For some reasons, I didn't watch a lot of Major League baseball games this past year. There are some reasons behind it, but out of that little games, one team I saw play the most was the Texas Rangers, surely thanks in large part to their signing of Japanese legend Yu Darvish. It still didn't have me watch a large number of their games in 2012, and almost none after the All-Star game, but every time I saw Darvish pitch for them I always suspected that he was terribly fooled by umpires that he lost on some called strikes. Upon the perception I always went to the box score to check who was the pitching duo of him on the game, and when I found the guy was Mike Napoli, I always heaved a deep sigh in my mind. Napoli looked atrocious in all aspects of defensive games behind the plate, needless to say framing, standing in the way of Darvish having his pitches called strike in his favor. While we won't disagree with the idea that Napoli isn't overall a good or even decent defensive player behind the plate, how do other catchers compare in the field of framing in 2012?
If you are a good follower on the Internet saber-world, it would be highly likely to have already read a couple of articles on catcher framing, notably by Max Marchi and Mike Fast. What I mean to do in this post is neither duplicate nor disparage their work. Rather, I just try to quantify catcher framing skills from the slightly different perspective and report the result here to share with you guys reading my blog right now.
What I used to compute framing skills is five years worth of Pitch f/x data, the brief details of which is described in the previous post. For those not having read it, my dataset is corrected for velocity, movement, and location between parks.

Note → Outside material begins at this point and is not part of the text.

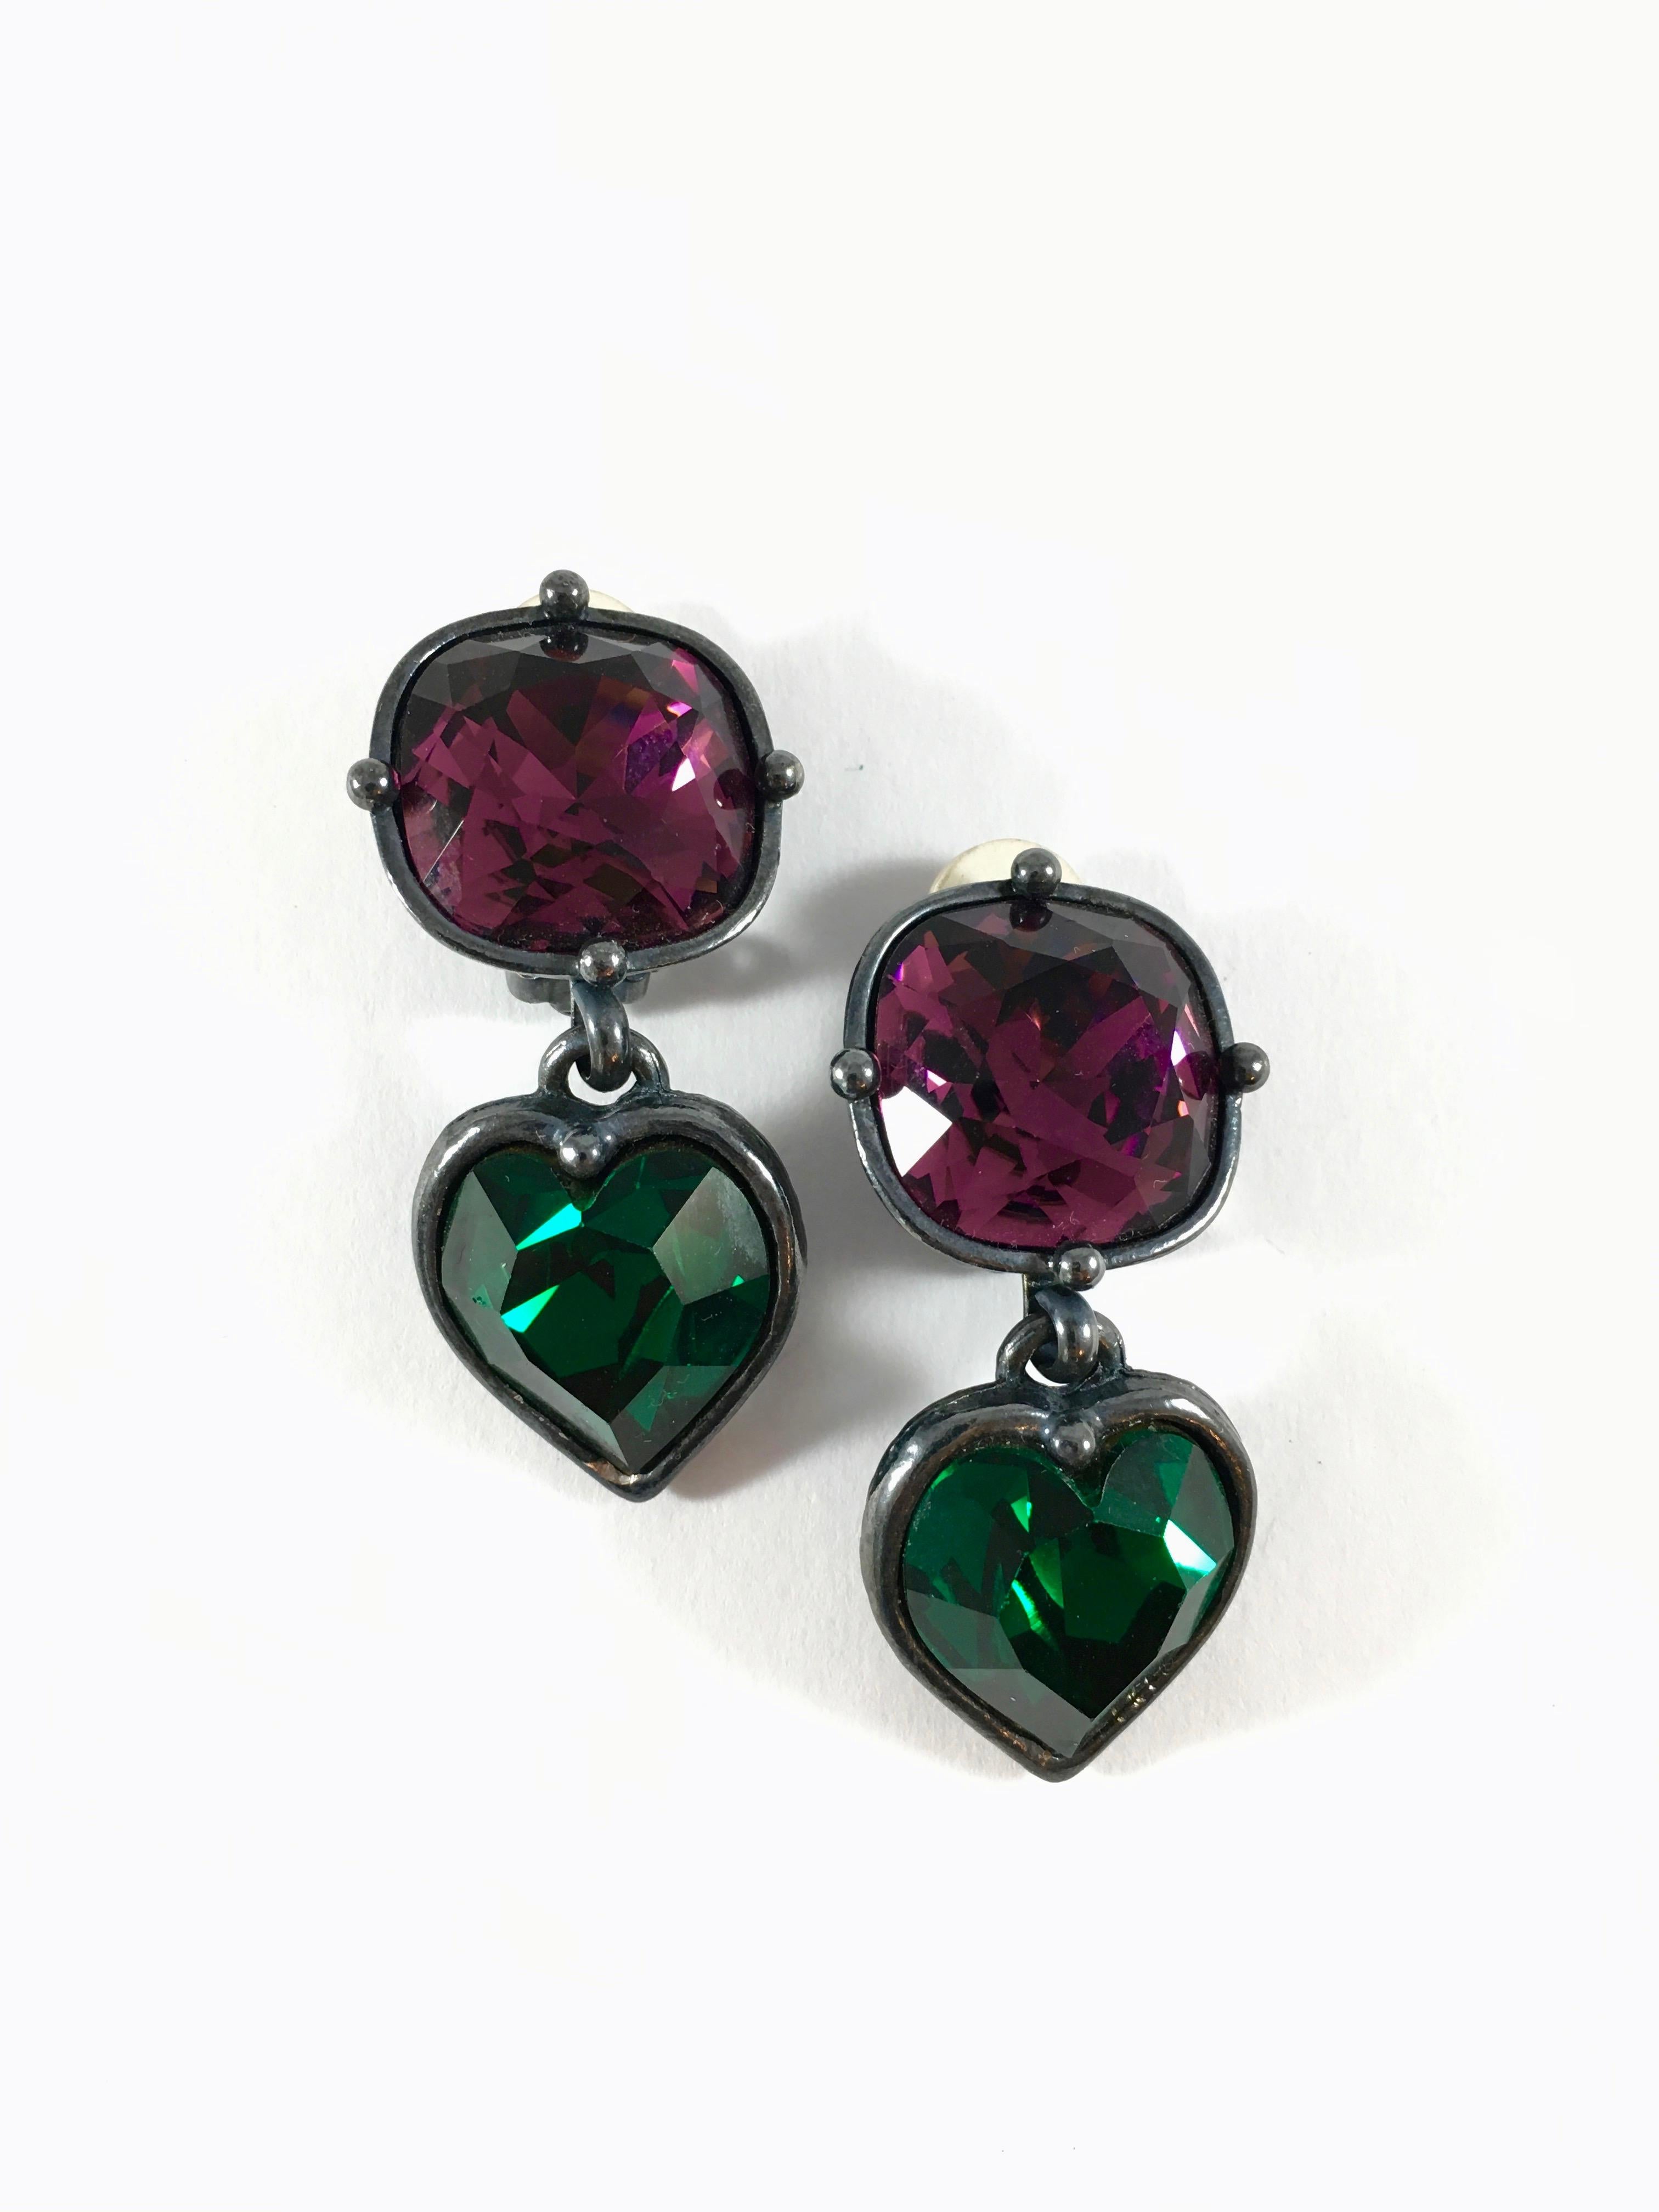 Spectacular Yves Saint Laurent Rive Gauche earrings from the 1980s. They have a charcoal gray gunmetal finish and each earring has a faceted purple square shaped stone with a green faceted heart shaped stone hanging from it. They measure 2 inches

Reclassification of pitch type has not been done at this time, but will be implemented in the future. For the specific purpose of this post, I'll use called pitches only (i.e. strike out looking and balls, intentional or unintentional) to attempt to estimate framing contribution and ability for all catchers during the FX era. I also omitted all starting pitchers as batters, but sadly couldn't take relievers out of the population. Relievers don't usually come to the plate, so it doesn't make any meaningful influence.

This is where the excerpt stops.